**EXERCISE REQUIREMENTS:** Copy word for word the lines of the records below, beginning at the one with "01 7 Nubia Watch Review Hardware DG AH 2020" and finishing at the one with "CRACK CHICKEN NOODLE SOUP RECIPES", ends included, but none of the pictures.

**ENTRIES PROVIDED:**
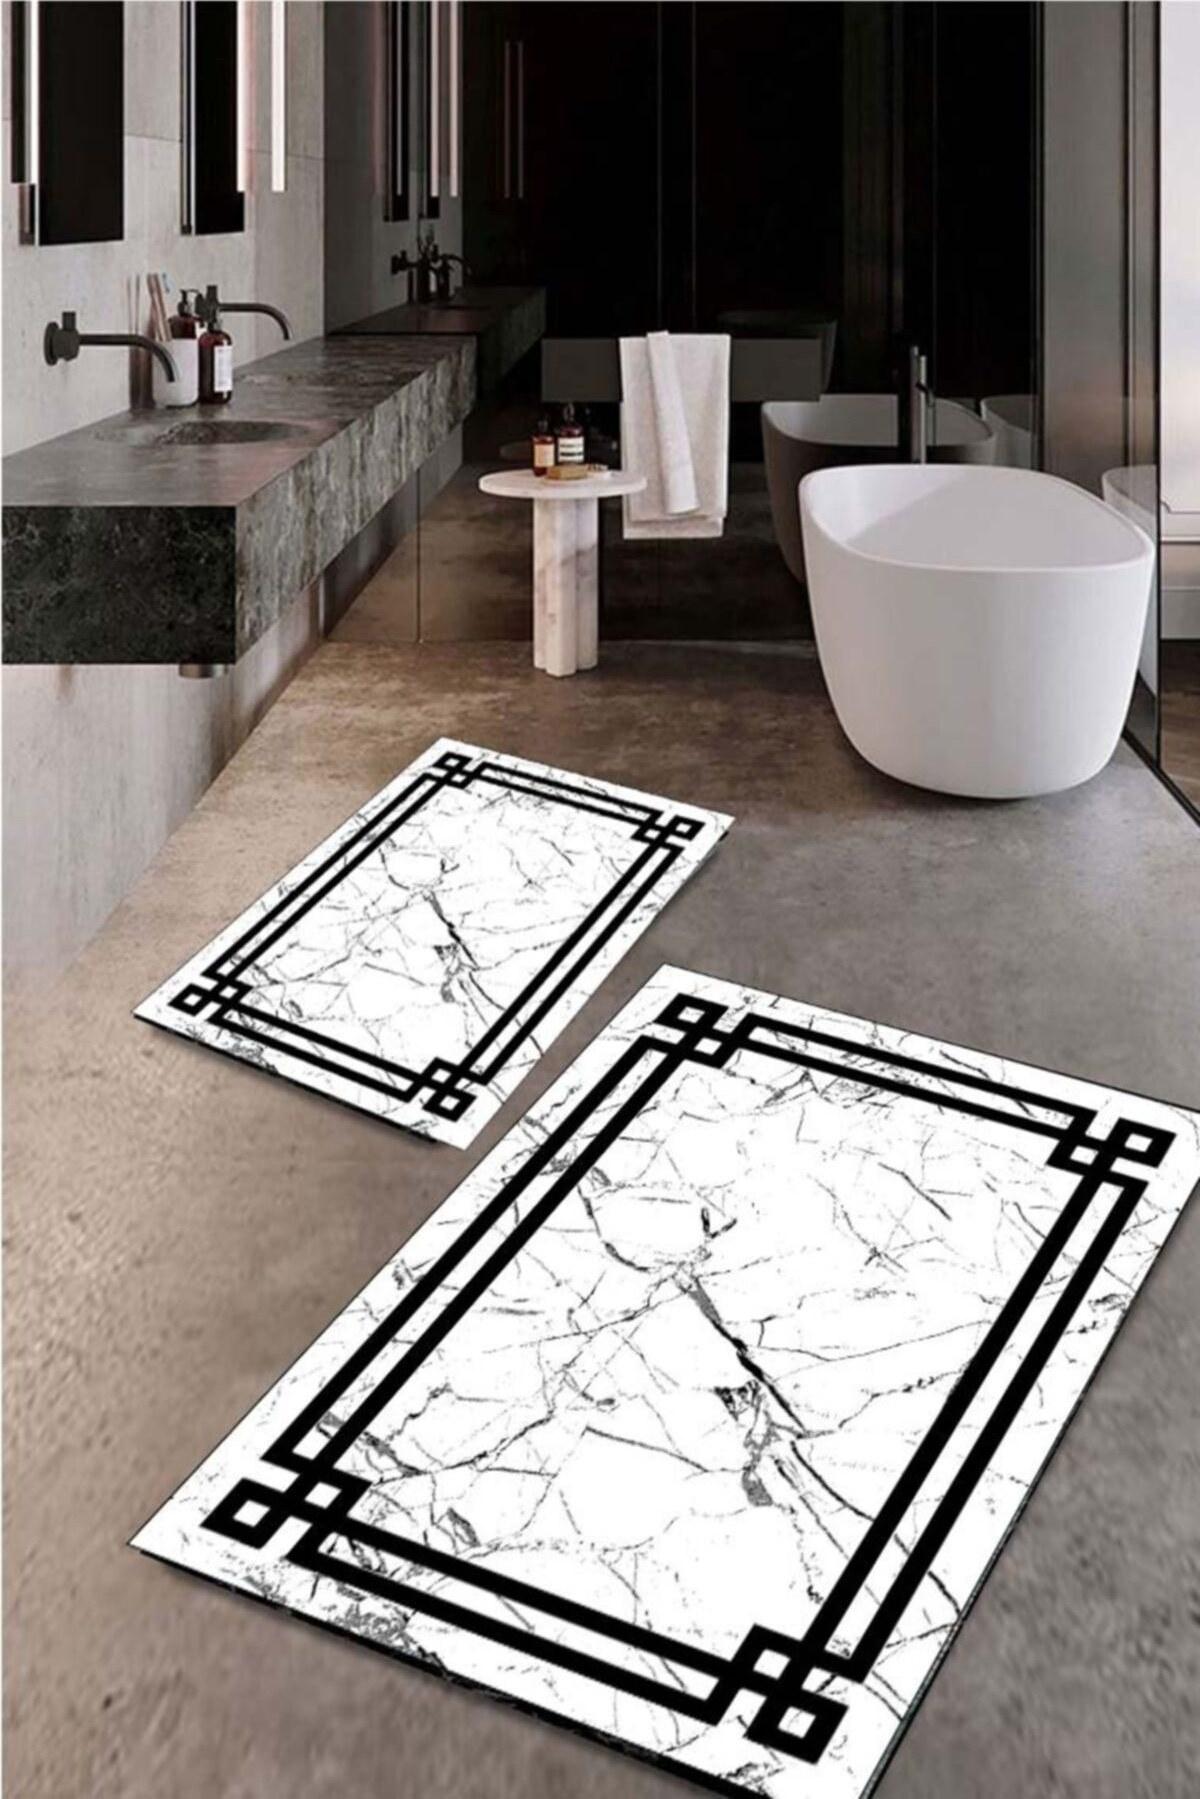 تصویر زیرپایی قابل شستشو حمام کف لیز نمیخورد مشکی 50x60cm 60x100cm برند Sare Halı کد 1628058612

...

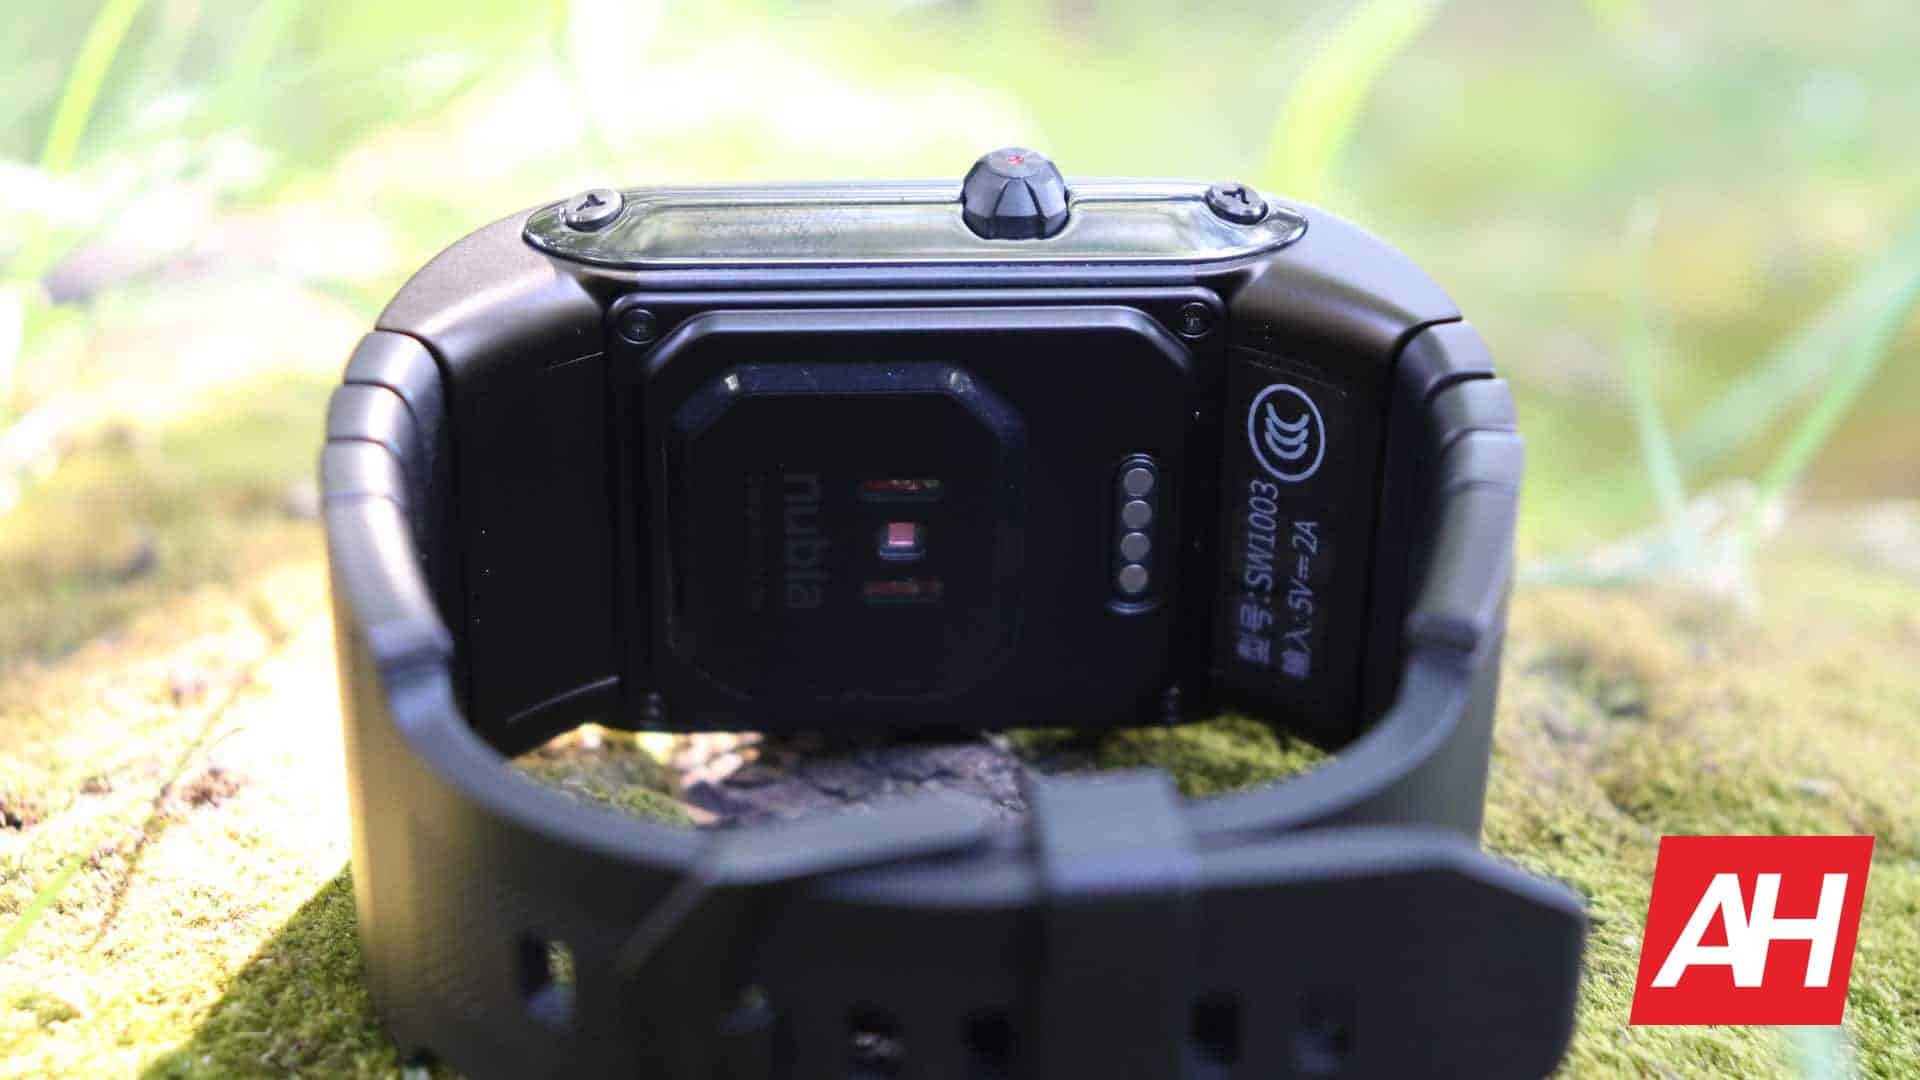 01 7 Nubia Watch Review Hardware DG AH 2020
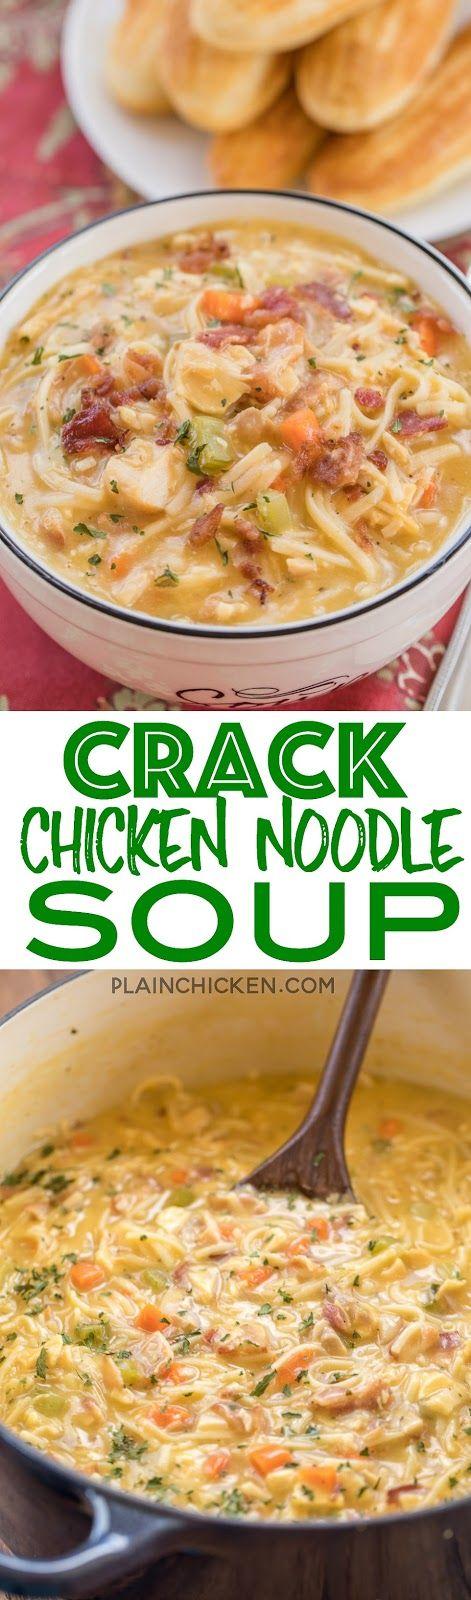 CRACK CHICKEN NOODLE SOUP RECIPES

**ANSWER TO THE PROBLEM:**
 01 7 Nubia Watch Review Hardware DG AH 2020
 CRACK CHICKEN NOODLE SOUP RECIPES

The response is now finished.